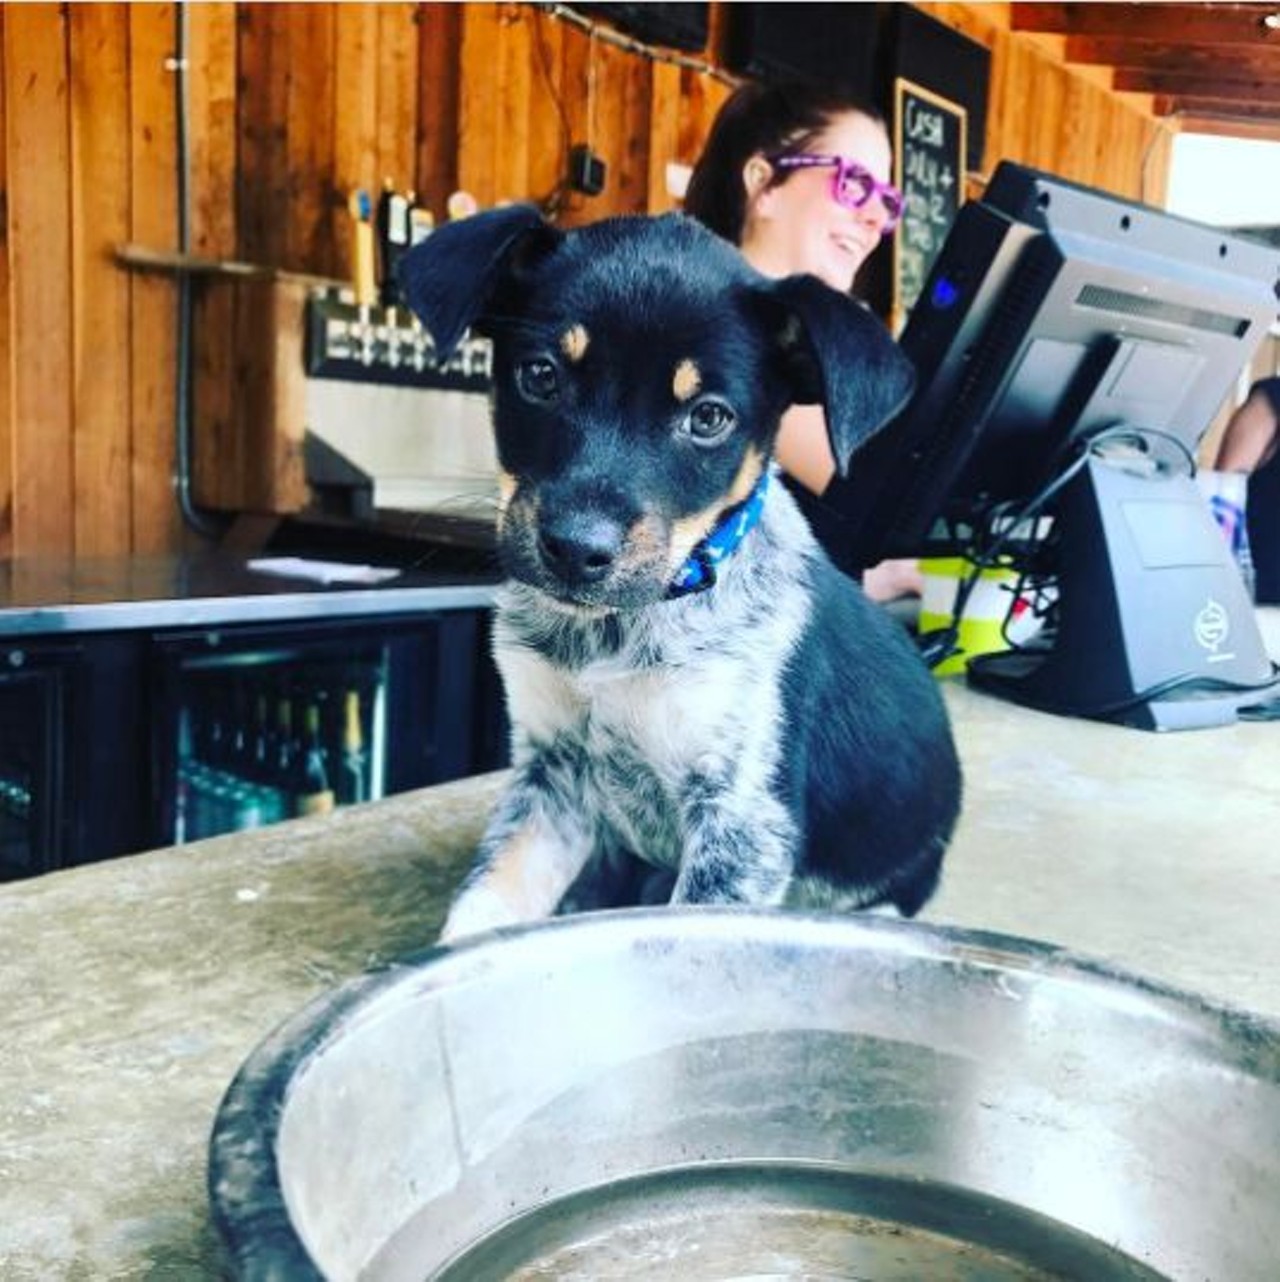 The Friendly Spot Ice House  
943 S. Alamo St., (210) 224-2337 
Catch a game on the Friendly Spot&#146;s huge projector screen while sipping on an ice-cold beer. Your pet will love the outdoors and all of the other four-legged friends that are sure to be there.
Photo via Instagram, taytayindawind

*****

■ **YOUR GOAL**
Every line above goes into the copy unchanged; the pictures do not.

■ **REPLY**
 The Friendly Spot Ice House  
943 S. Alamo St., (210) 224-2337 
Catch a game on the Friendly Spot&#146;s huge projector screen while sipping on an ice-cold beer. Your pet will love the outdoors and all of the other four-legged friends that are sure to be there.
Photo via Instagram, taytayindawind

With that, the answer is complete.